From time to time I have to make a smart weird rebase because my small commits order is just a mess, or I have to split a commit or something unusual. The important first step is to make a new brach as a backup to hold the version before the rebase. If I mess the rebase process I can just go back to my version before the rebase and start again.


> Don't try to do smart weird rebases!!!

If I need to do a non-trivial rebase I always start by creating a backup branch so I can delete my fuck up and start over trivially, which was a hard learned lesson.


also you can use git rerere if you need multiple goes for the rebase, it saves your conflict resolutions and applies them automatically when they occur again(you need to resolve the conflict when it happens for the first time).


I like to look at my repository and find a clear history, the projects story. Communication is extremely important for me, thus I use rebase wisely and squash before merging (fast forward) to develop and main.
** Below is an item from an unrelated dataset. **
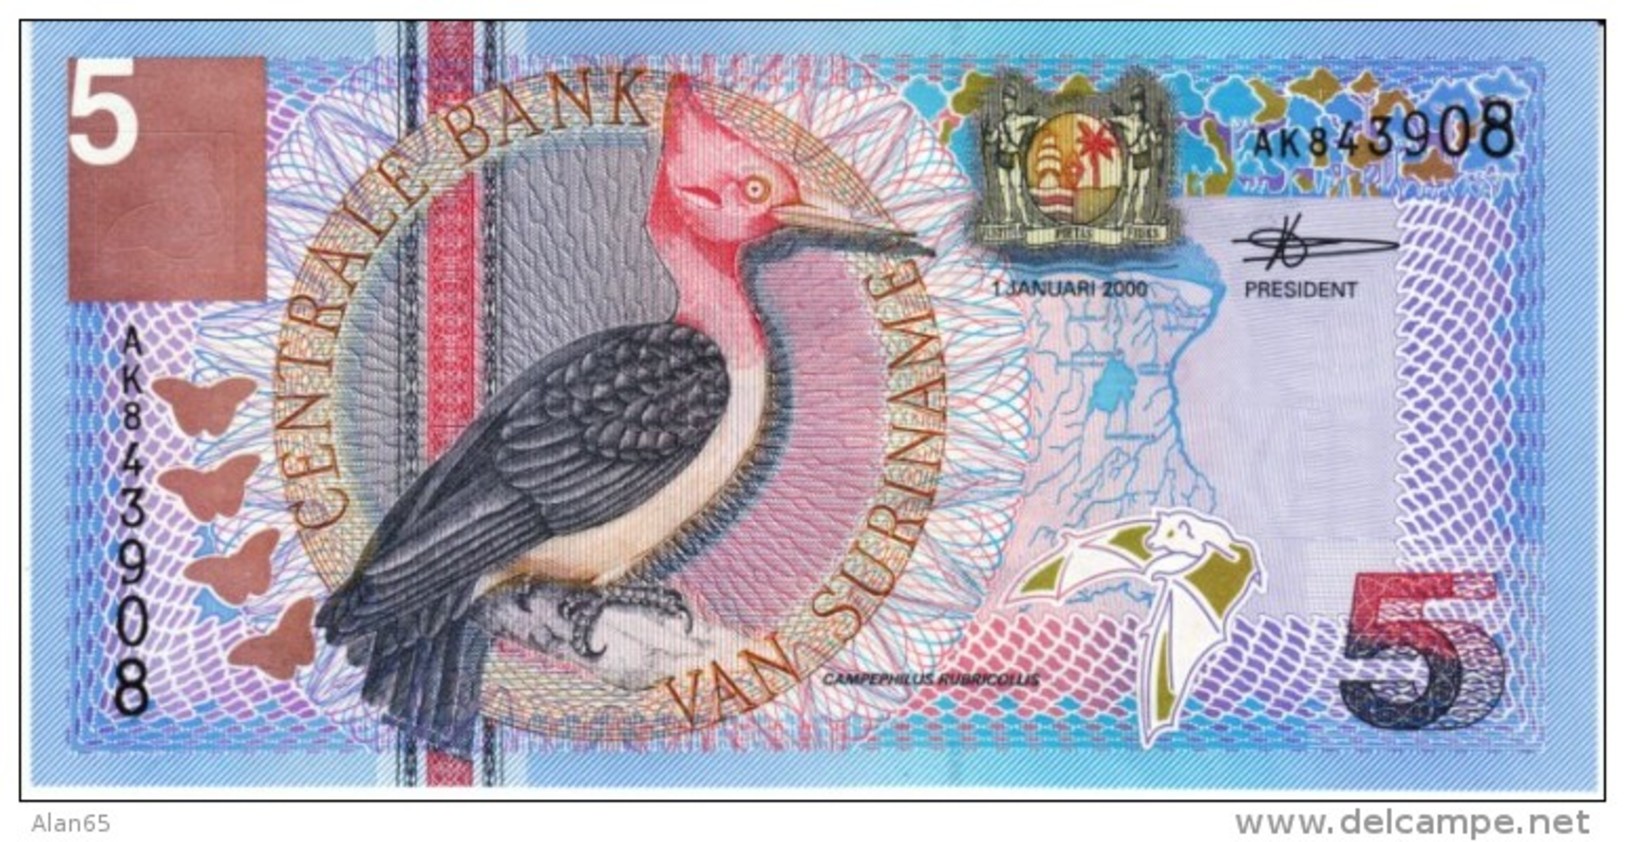 Suriname #146 5 Gulden 2000 Banknote Money Currency, Bird Flowers - Suriname
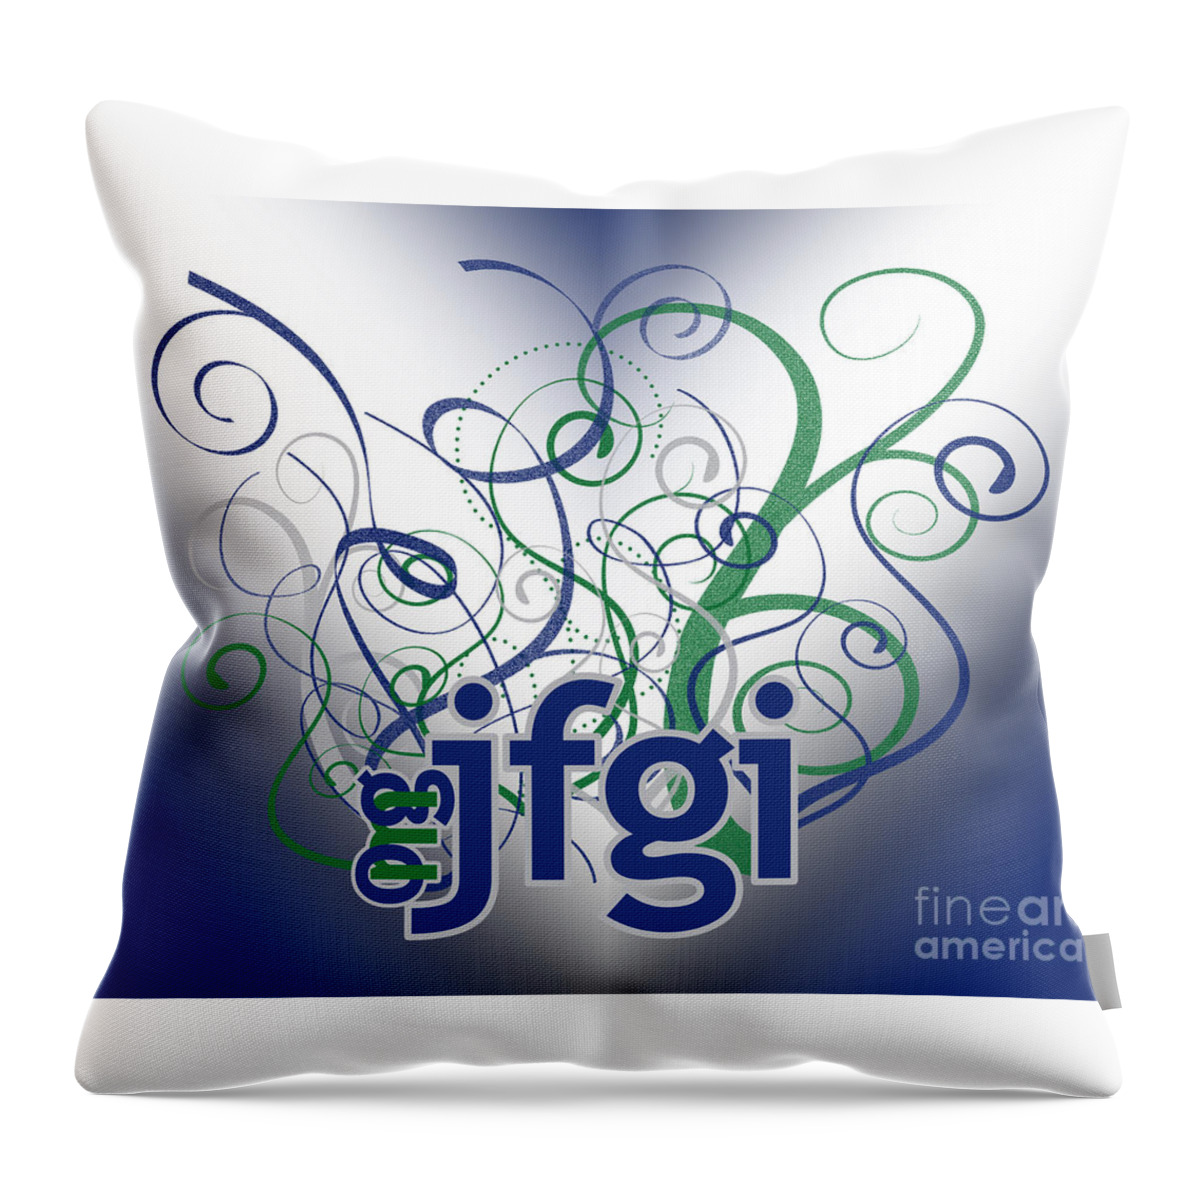 Omg Throw Pillow featuring the digital art OMG jfgi by Linda Seacord

Conflicts are solved under feat/chore commit and never in develop or main.

A repository shouldn't be a dump of unmeaningful commit messages, but a curation of best contributions at the time of commitment.


Another great point in this discussion is the page on why fossil deliberately does not have rebase: "Rebase considered Harmful" https://fossil-scm.org/home/doc/trunk/www/rebaseharm.md


Responses would make more sense if people included:

- if they have done any cherry-picking - if they have done any backporting - if they have reverted any commit that made it to main - if they have ever used bi-sect

I think rebase is harder to learn than merge, but once you get used to it, it lets you have history that is easier to debug, and use without extra effort


A semi-relevant tip, instead of "HEAD^^^^^^", you can write "HEAD~6" to the same effect.


Nice to see no one agrees on how to use git correctly.


Do I have the wrong mental model of rebase?

You want to "pretend" you all took turns at making the code better, like Alice goes first then everyone downs tools while Alice makes her chnages and then Bob picks up Alices work and does his changes, then Charlie starts

The difference is that Bob can start while Alice is working and all he needs to do is right before checking his stuff in, he grabs her fixes from master, and then applies his fixes on top of hers as if he had started after she had finished. Sometimes they both worked on the same code and he needs to figure out what's safe but hey that happens any which way.

As long as you ensure fast-forward merging onto master only it's kind of simple.

Annoying. but simples.


> It also makes me wonder if there’s an easier workflow for cleaning up your commit history that’s harder to accidentally mess up.

Use real merge commits and `--first-parent` as your default view.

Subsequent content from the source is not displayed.